__Given material__
%%

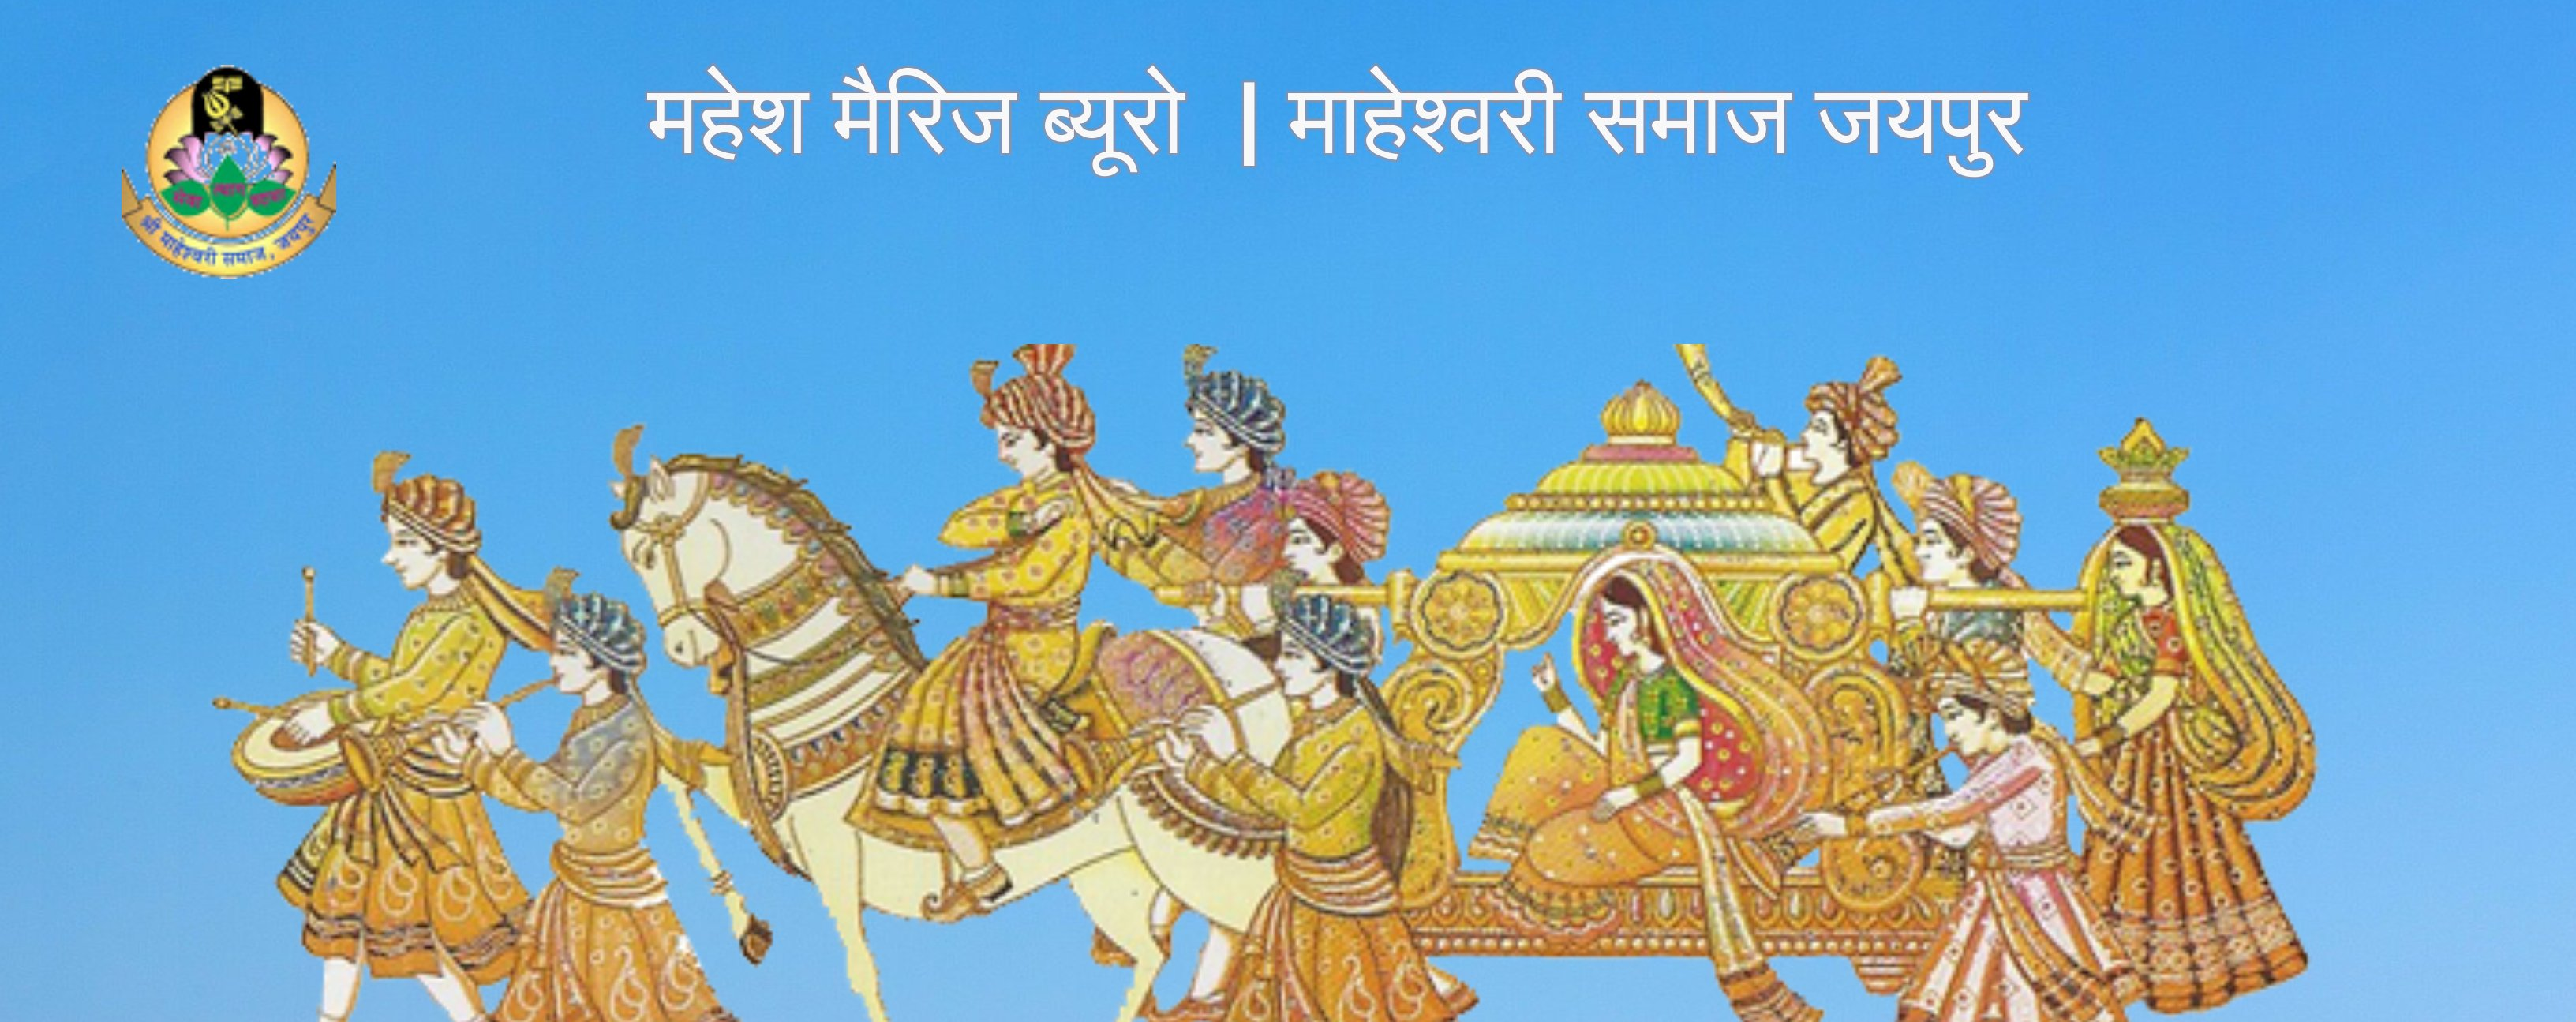 Mahesh Marriage Bureau | parichay
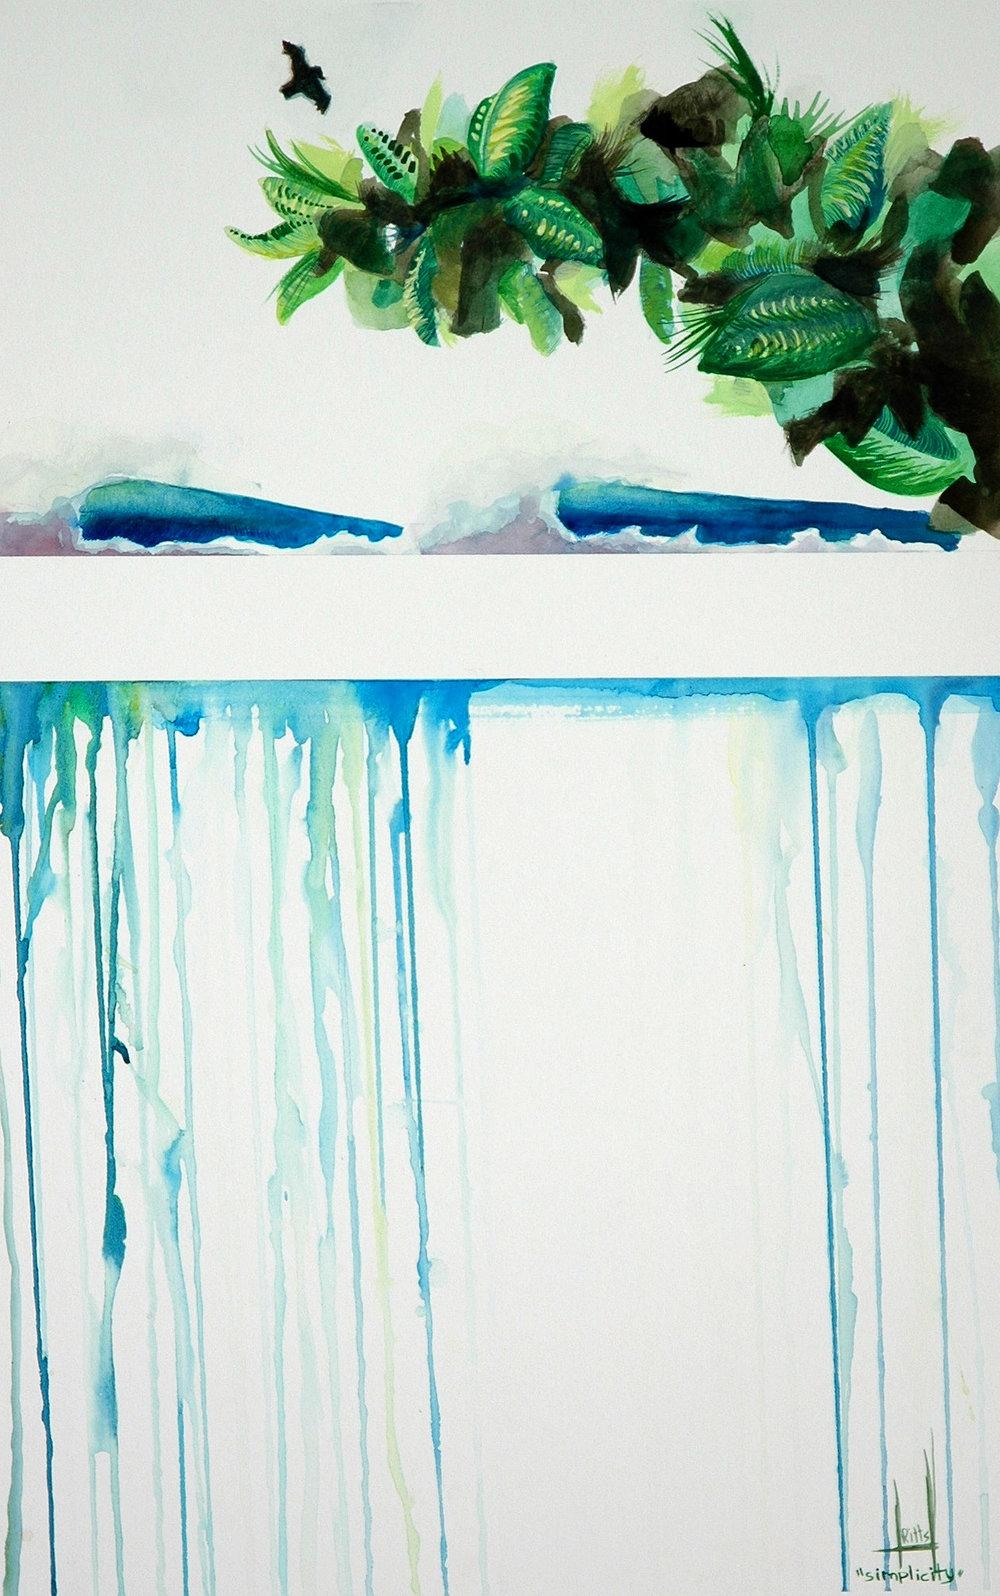 """Simplicity"" Watercolor on Illustration Board"
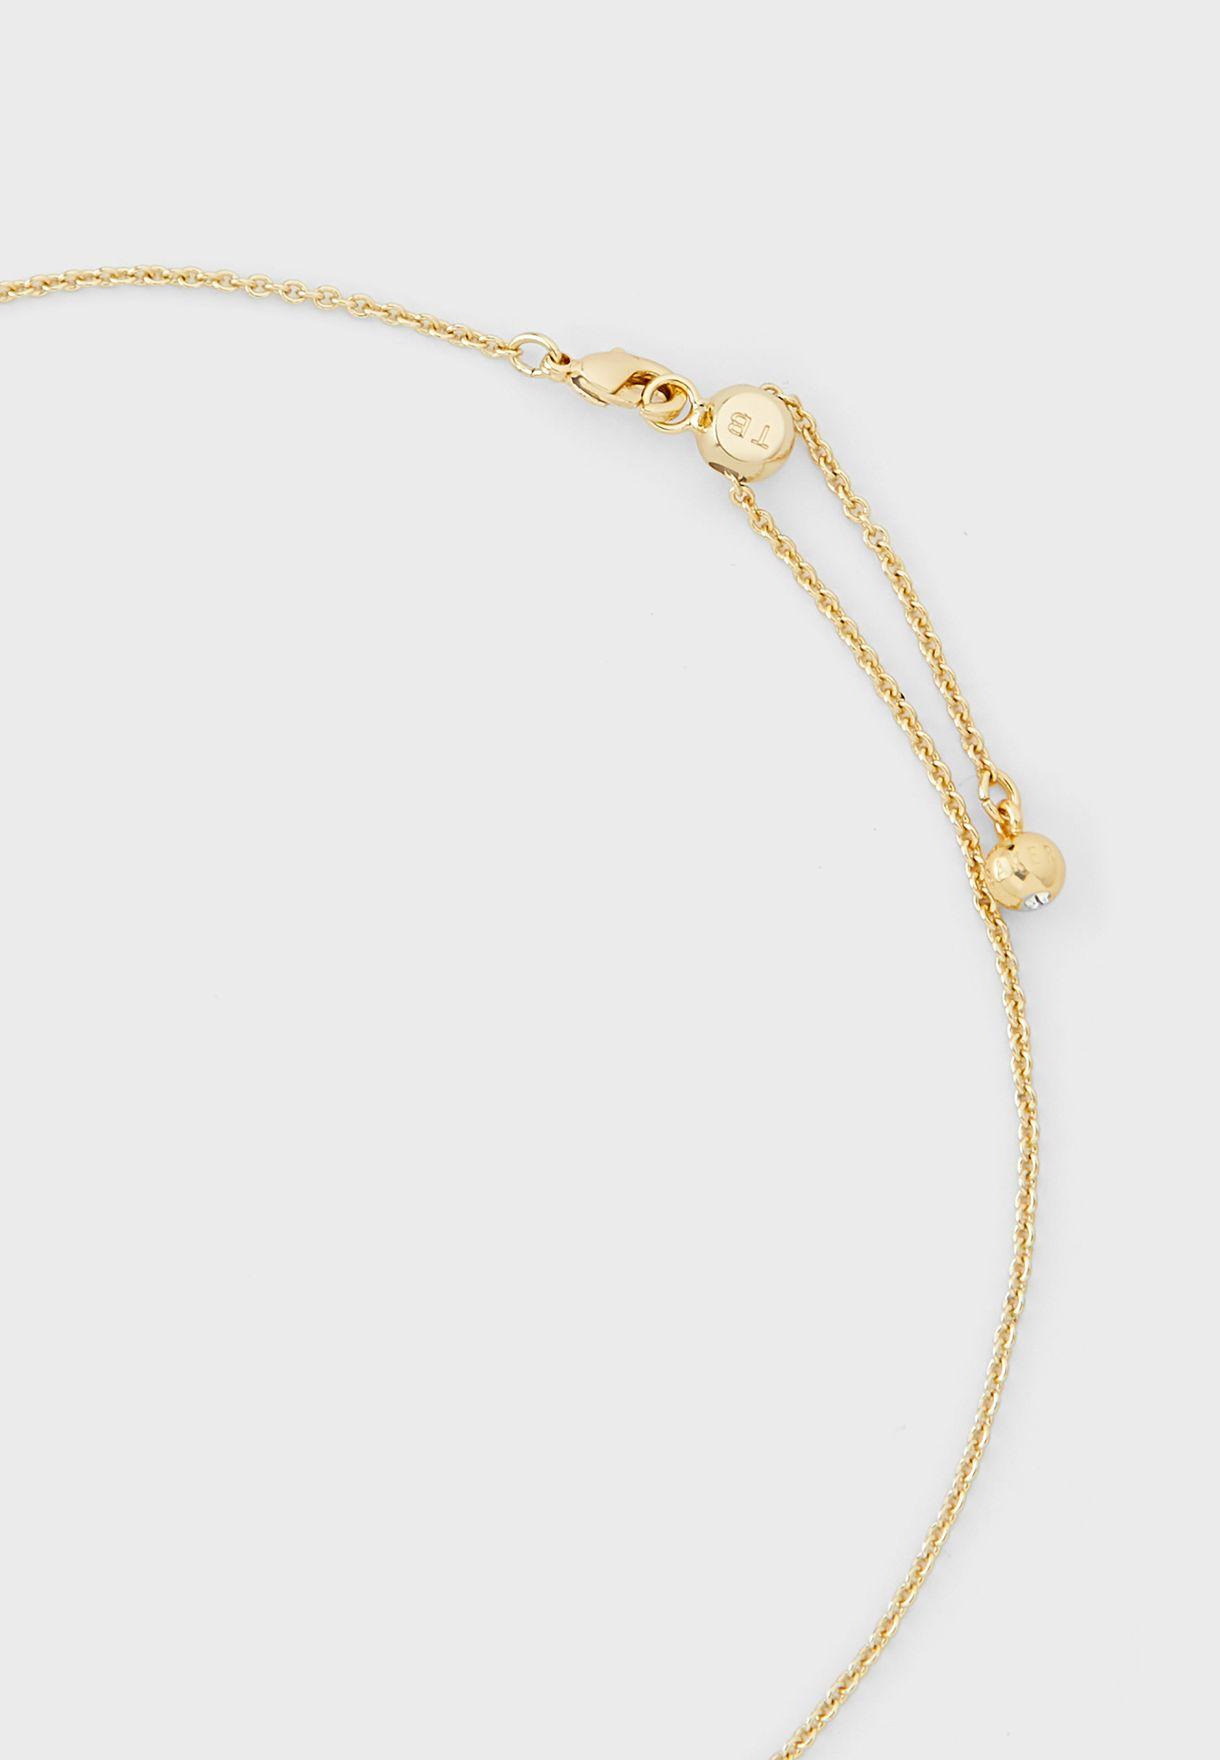 Mesra Moonrock Penadant Necklace
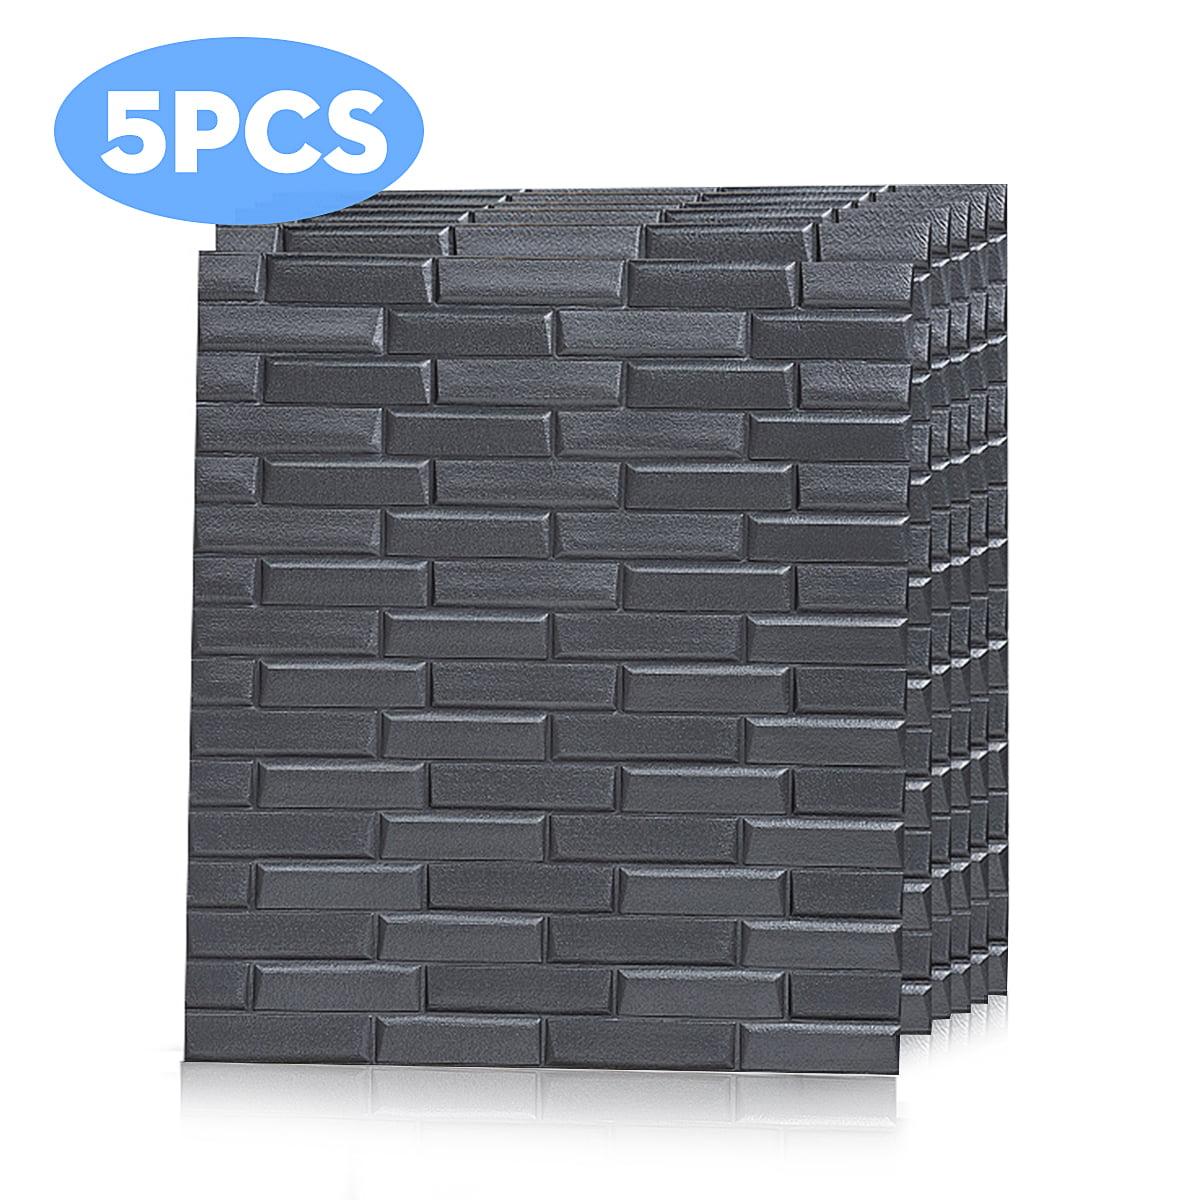 3D Tile Brick Wall Stickers Self-adhesive Waterproof Foam Panel Sticker Decors

%%

Print the entire listing above verbatim. No picture should be included.

 Mahesh Marriage Bureau | parichay
 """Simplicity"" Watercolor on Illustration Board"
 Mesra Moonrock Penadant Necklace
 3D Tile Brick Wall Stickers Self-adhesive Waterproof Foam Panel Sticker Decors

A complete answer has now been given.